▶ _Task details_: Apart from the images, every record here needs to be copied exactly.

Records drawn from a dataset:
------------
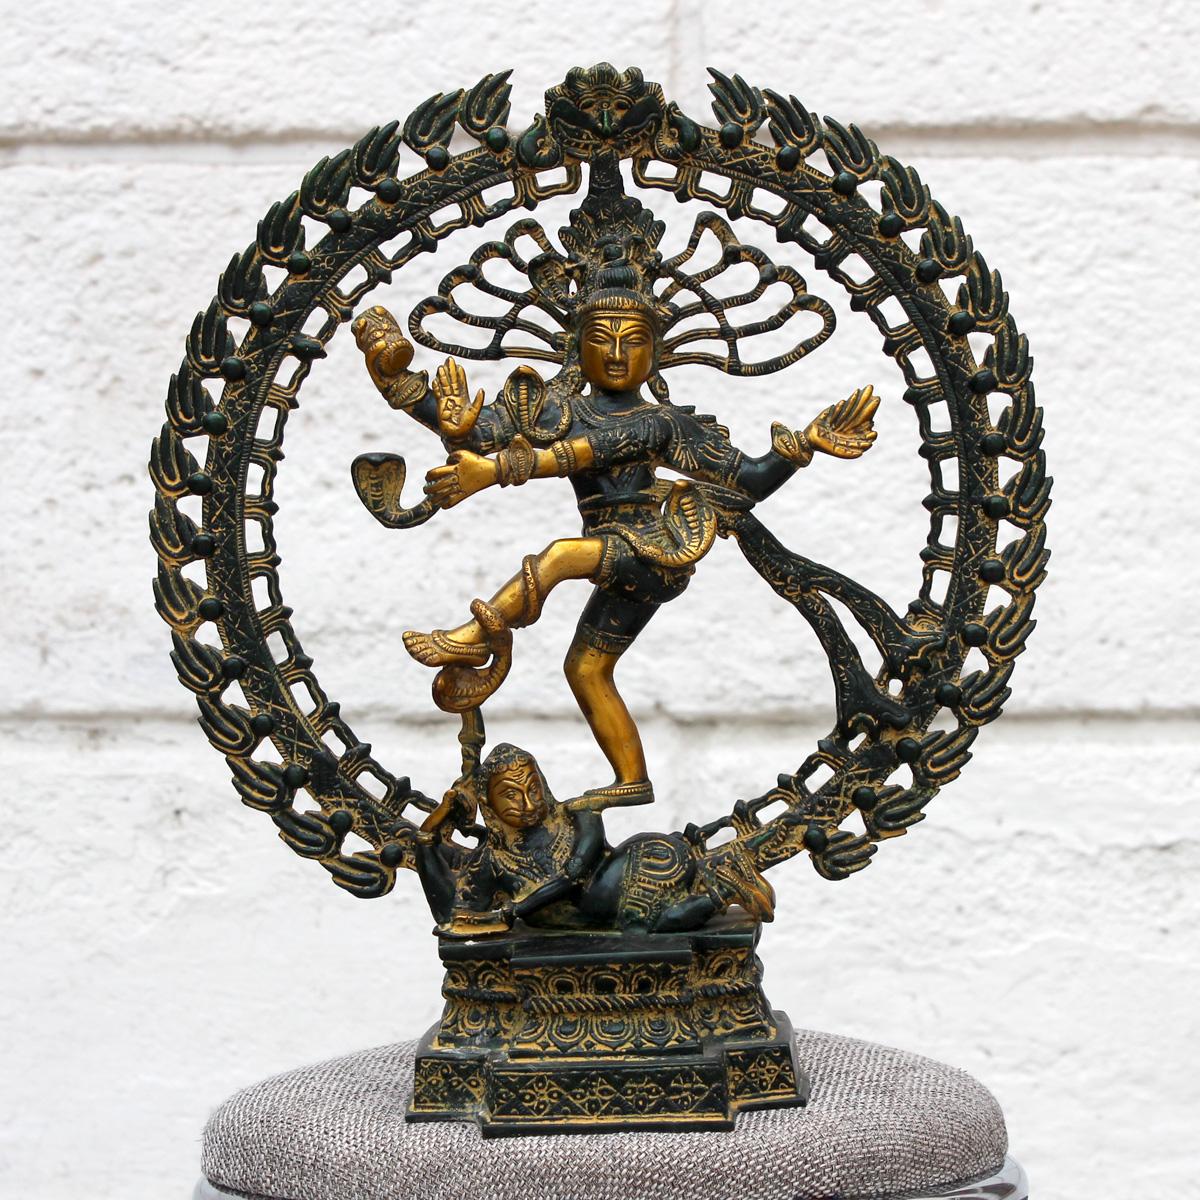 Бог Шива Натараджа (господин танца), бронза, патинированная бронза (стиль стариной бронзы)
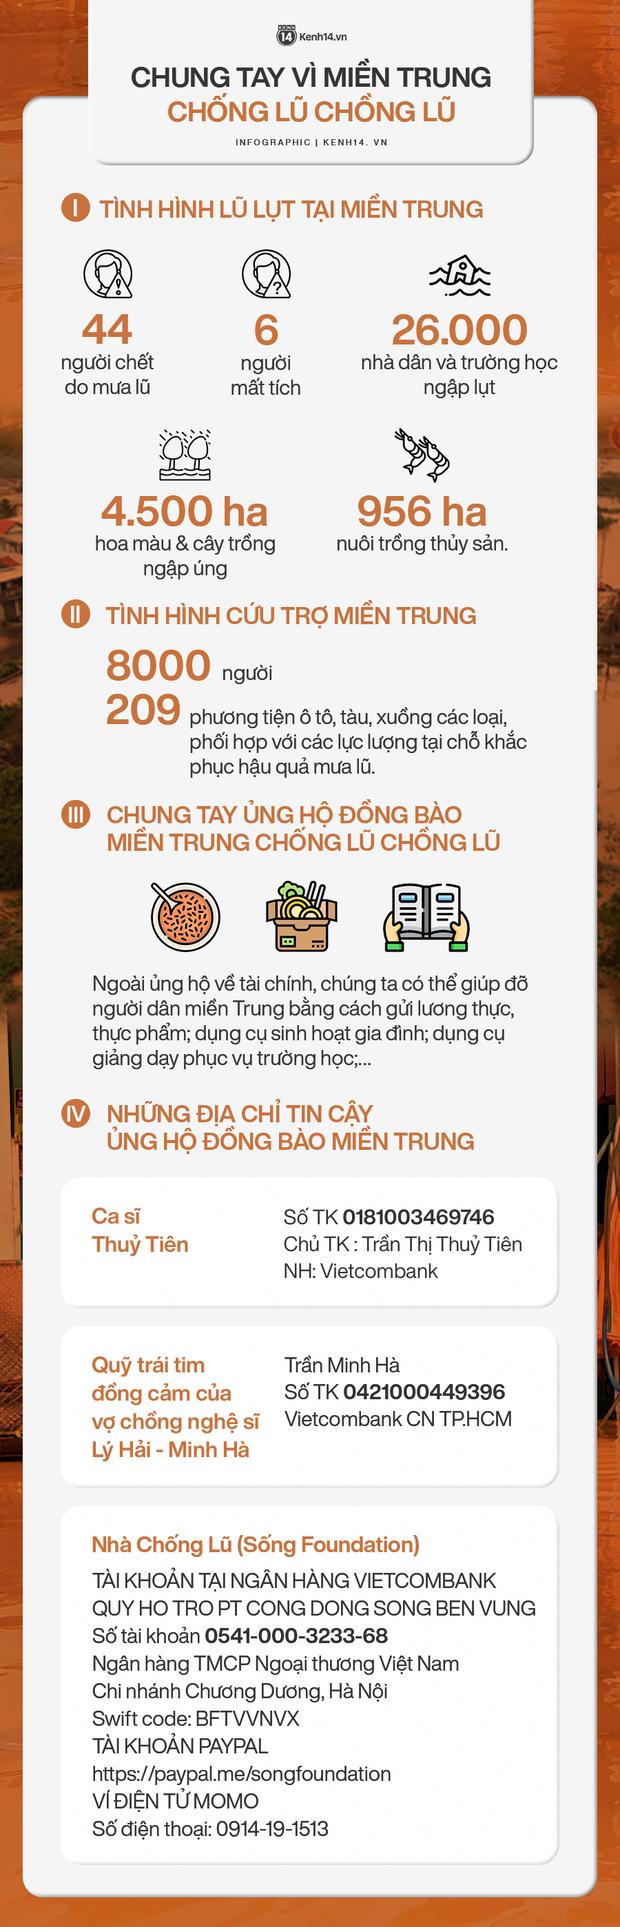 Infographic: Thống kê thiệt hại tại miền Trung và những cách để chung tay cứu trợ đồng bào vùng lũ - Ảnh 2.
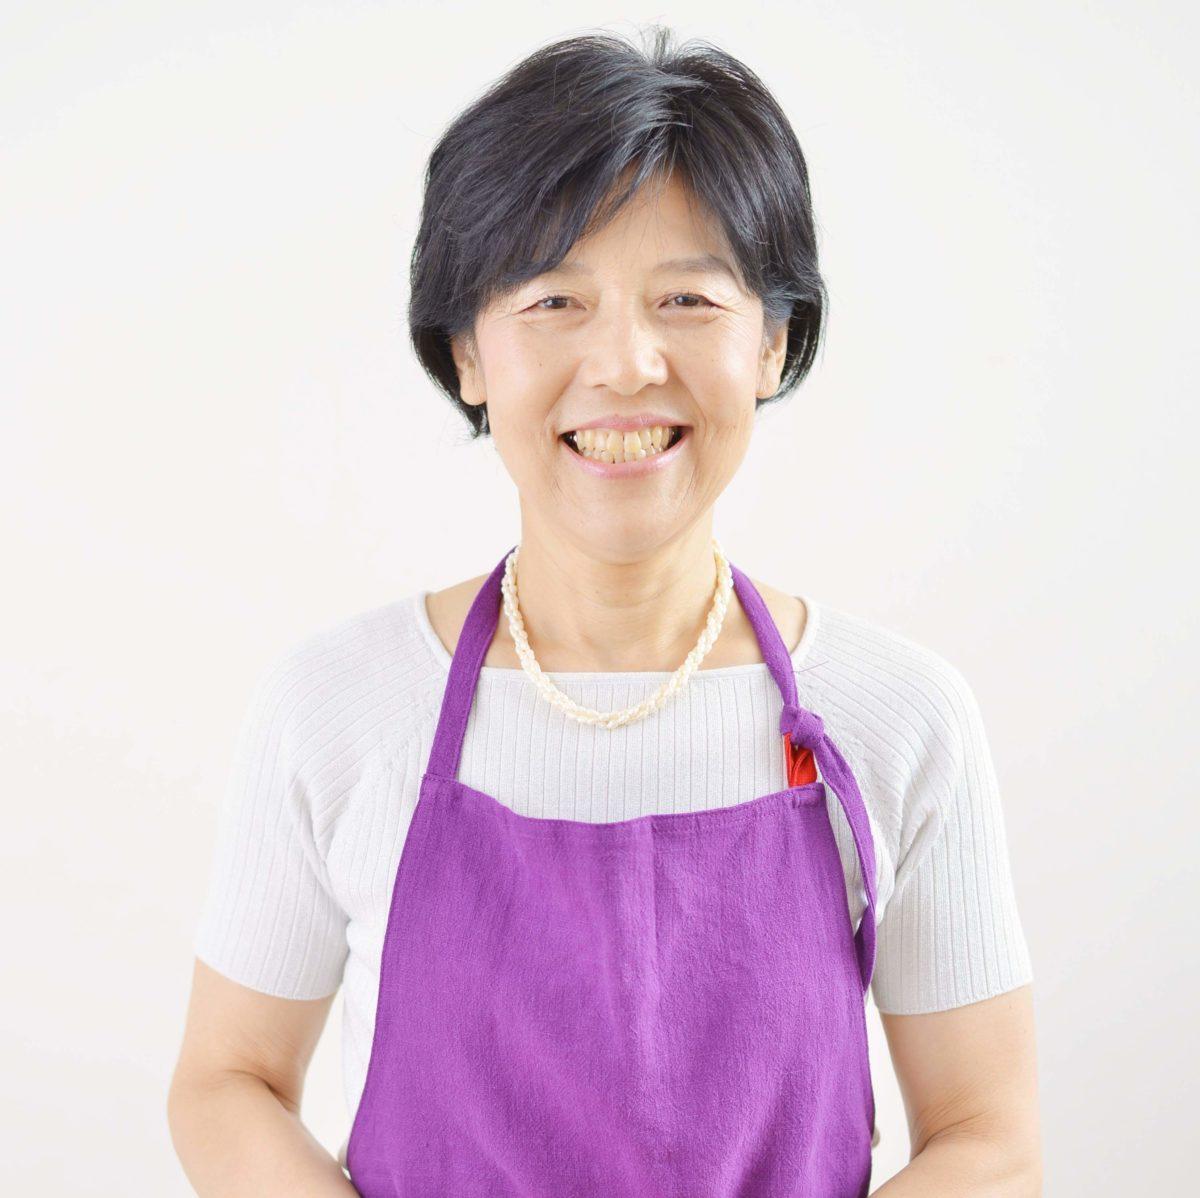 野村佳子様 料理家 50代 横浜市
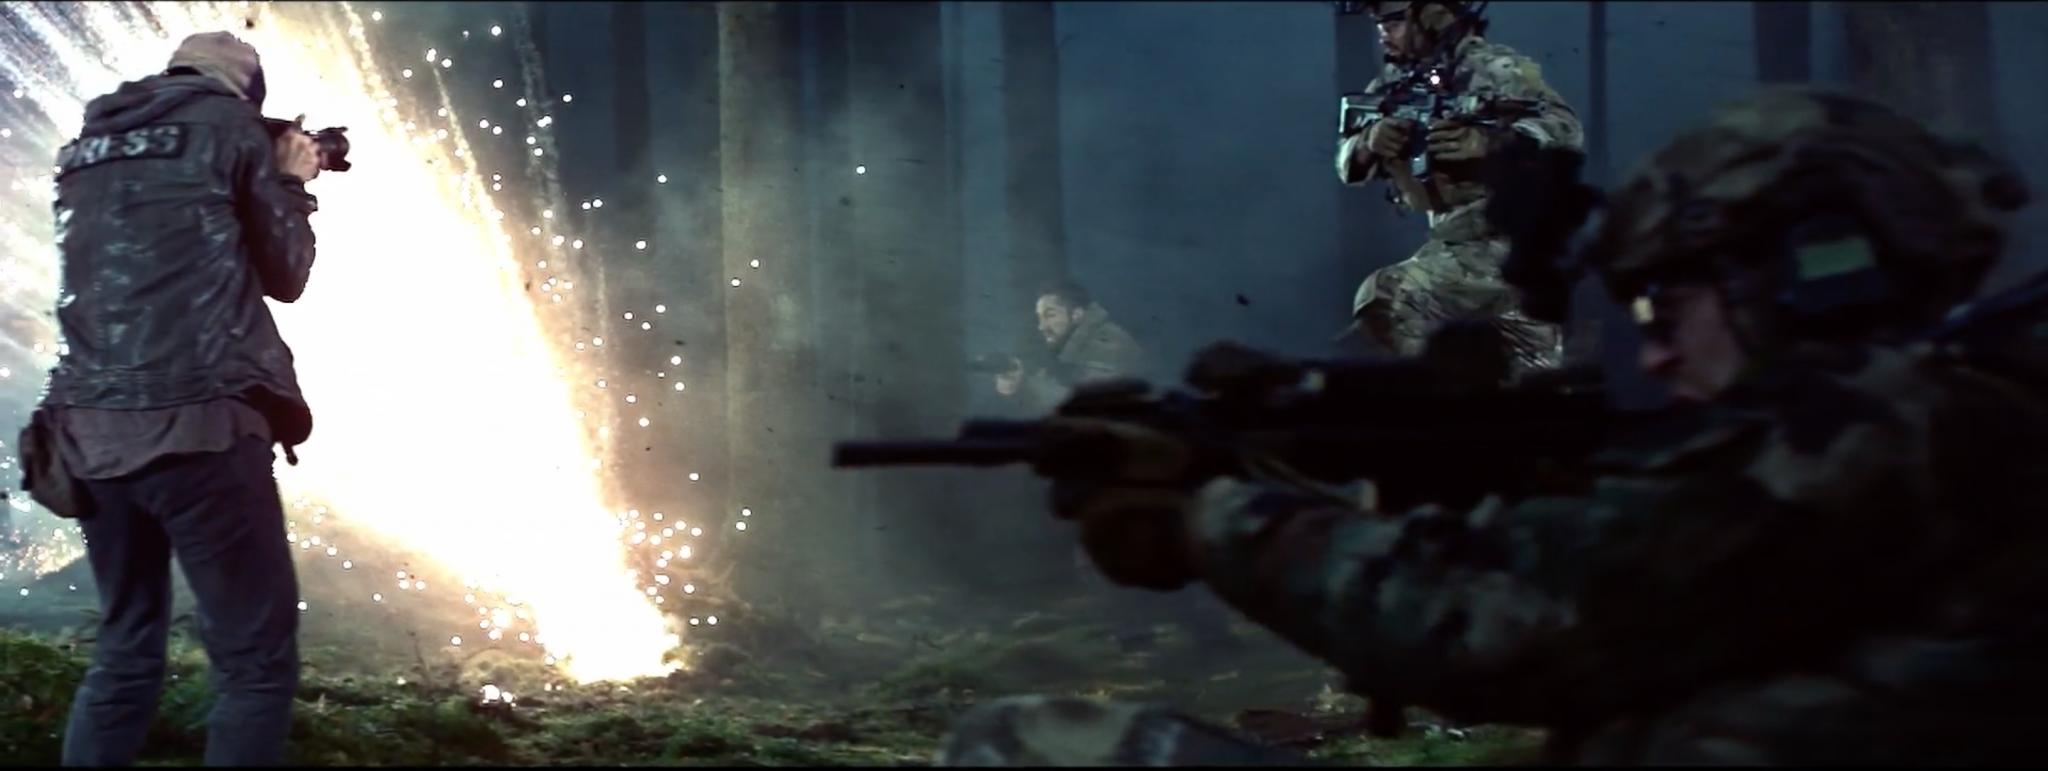 MG Action, Full Action Service, Special Effecte berlin, Spezialeinsatzkommando für film
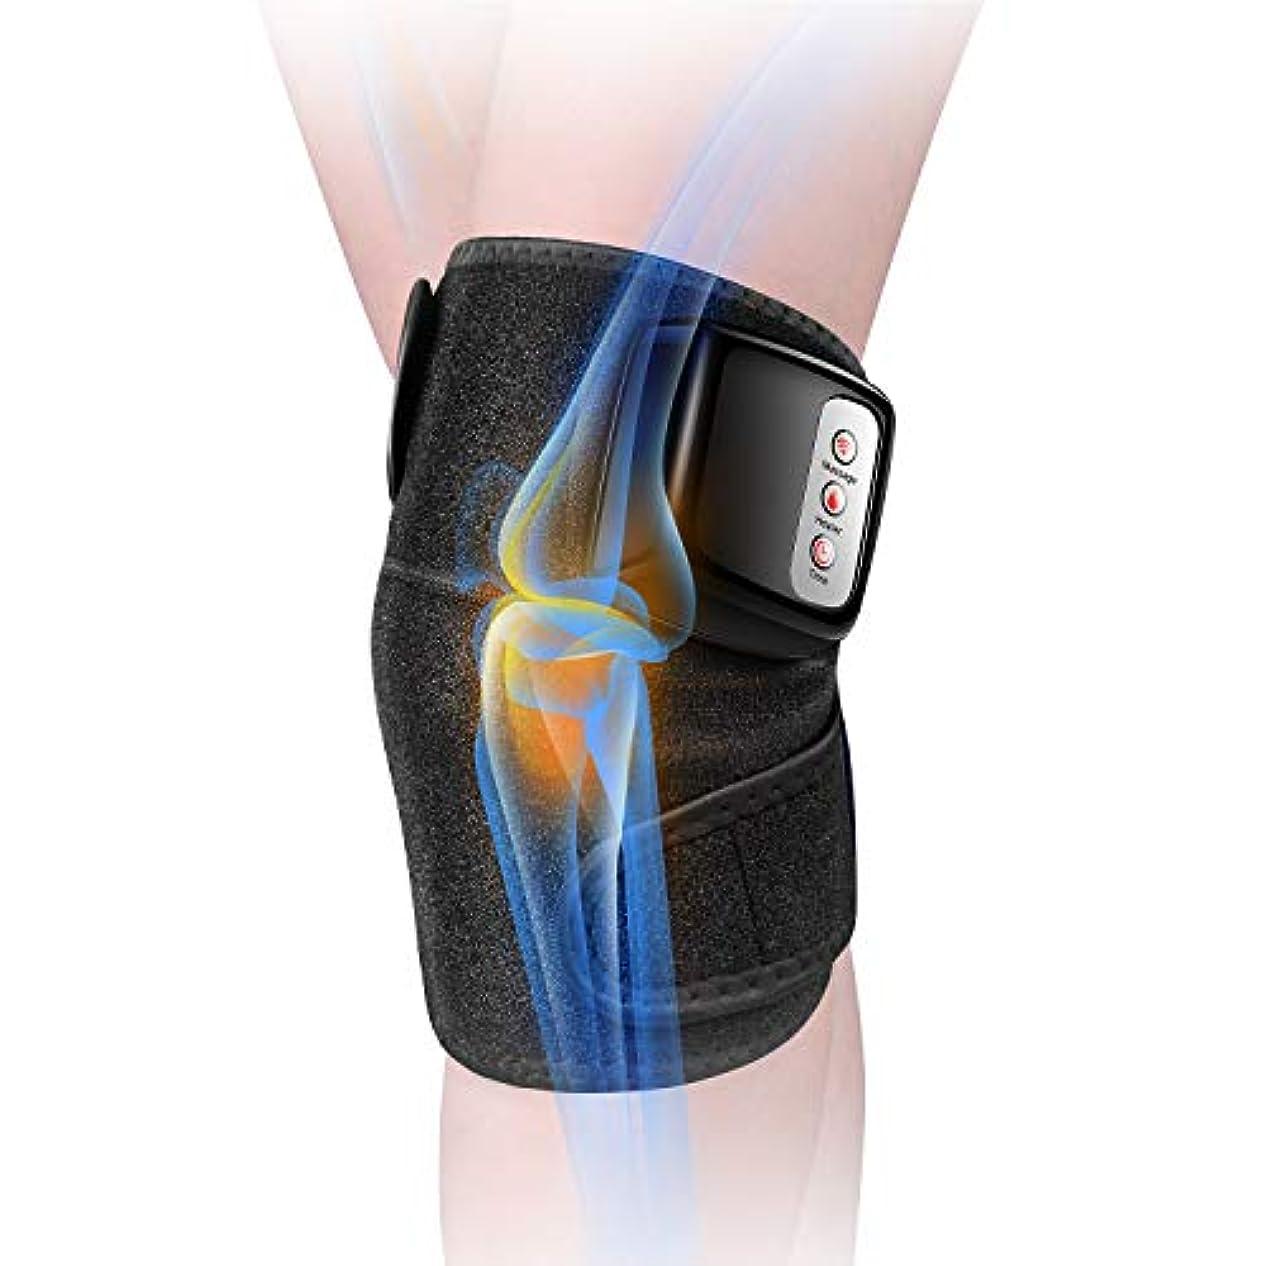 ぼんやりしたそんなにホバー膝マッサージャー 関節マッサージャー マッサージ器 フットマッサージャー 振動 赤外線療法 温熱療法 膝サポーター ストレス解消 肩 太もも/腕対応
------------
▶ _Task solution_:
 Бог Шива Натараджа (господин танца), бронза, патинированная бронза (стиль стариной бронзы)
 Infographic: Thống kê thiệt hại tại miền Trung và những cách để chung tay cứu trợ đồng bào vùng lũ - Ảnh 2.
 野村佳子様 料理家 50代 横浜市
 MG Action, Full Action Service, Special Effecte berlin, Spezialeinsatzkommando für film
 ぼんやりしたそんなにホバー膝マッサージャー 関節マッサージャー マッサージ器 フットマッサージャー 振動 赤外線療法 温熱療法 膝サポーター ストレス解消 肩 太もも/腕対応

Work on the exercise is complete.